A moment’s silence stretched between them.
“Yes.”
“I do a lot of knock-and-talks, playing counselor as well as enforcer. The things I thought would cause me the most problems, drinking and policing illegal patches of marijuana, haven’t t
aken much time. Hardly anyone makes their own moonshine anymore, and when I find pot patches, I destroy them. But I don’t make an arrest or apply to have the land legally confiscated if I’m not sure who planted it.”
“Unless you catch them in the act, you’re never sure.”

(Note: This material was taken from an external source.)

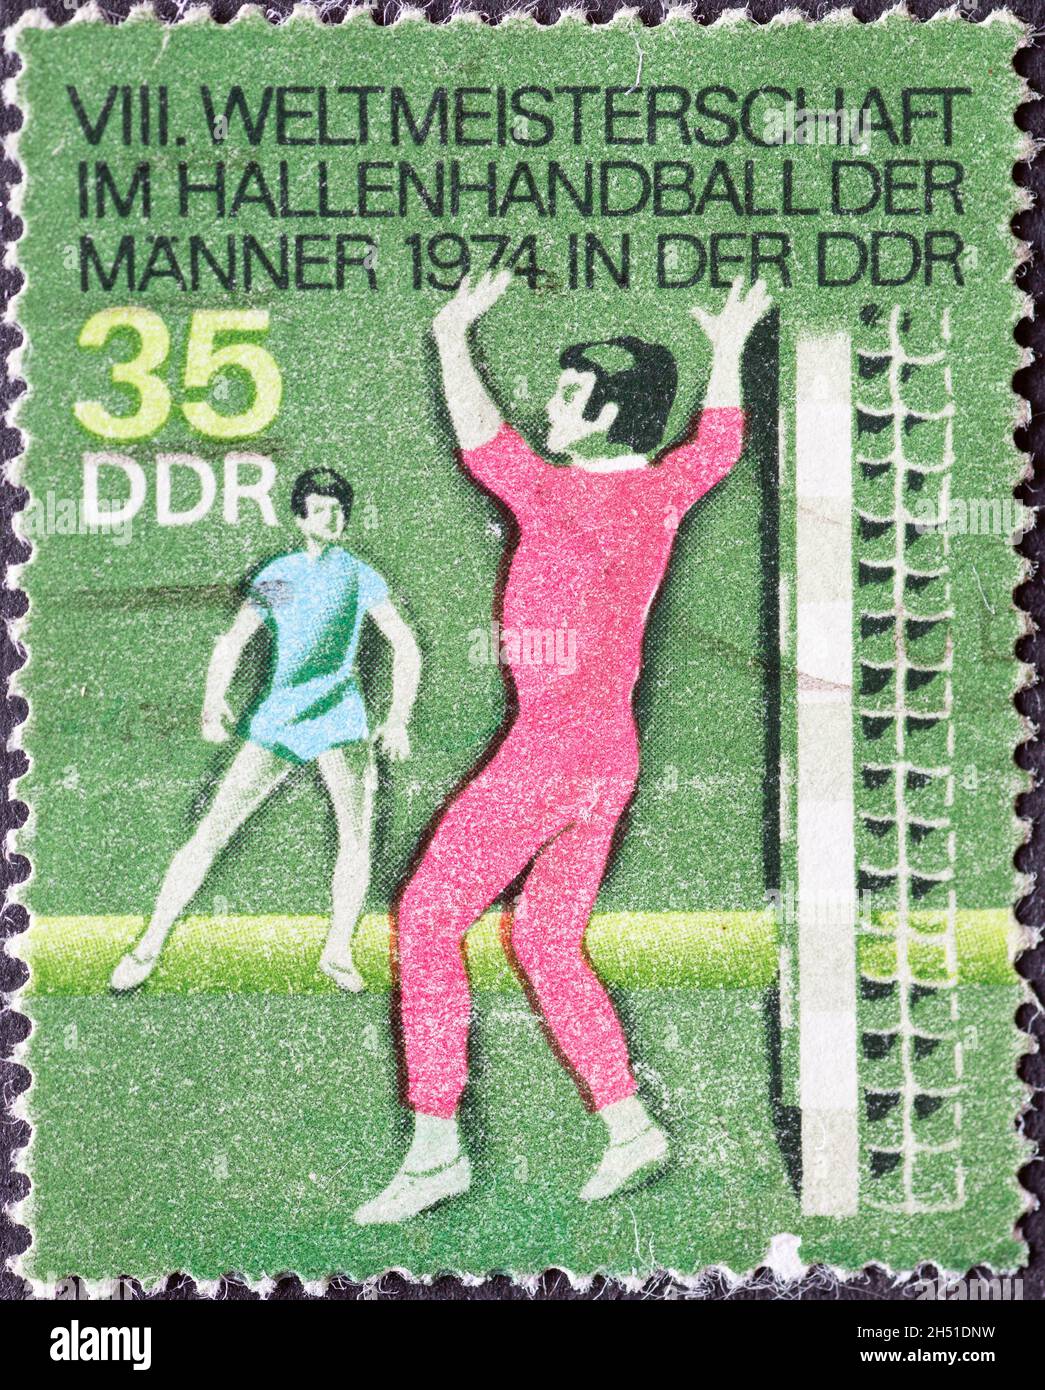 ALLEMAGNE, DDR - VERS 1974 : timbre-poste de l'Allemagne, GDR montrant 1974 hommes en intérieur Handball World Championship, gardien de but Banque D'Images

“Right. Besides, like sang spots, a lot of it is planted far outside of town.”
“I’m sure sang is even harder to police,” she told him, slanting her body slightly in his direction as he turned off onto the side road toward Cassie’s. “I mean,” she went on as they began to bounce down the long, rutted lane, “sang’s more of a heritage here, a God-given medicine and moneymaker.”
“That’s exactly it. Local diggers and foreign buyers alike don’t give a damn what the endangered species laws say.”
“And your knock-and-talks?” she asked. Again, it really got to him that, as whipped and upset as she was, she was focusing on what he’d said. He hadn’t realized he’d been so lonely, coming home to Deep Down.
“I’ve arrested two guys and driven them into jail in Highboro for domestic violence. I owe my mother that much. Above all else, I took this job because I can’t stand guys who rough up their women and kids, and there’s still a lot of it in these patriarchal parts. I—I almost lose control—again—when I see that. Sometimes I think life was easier in sunny Naples, Italy, when I was MP—military police. I was in charge of the brig for drunken sailors and marines. They didn’t expect favors from a one-time bad boy from a hellfire family.”
He realized he sounded angry. He hadn’t really let loose with anyone since he’d been here, not even with Chuck Akers. He’d been walking a fine line between building bridges and enforcing the law.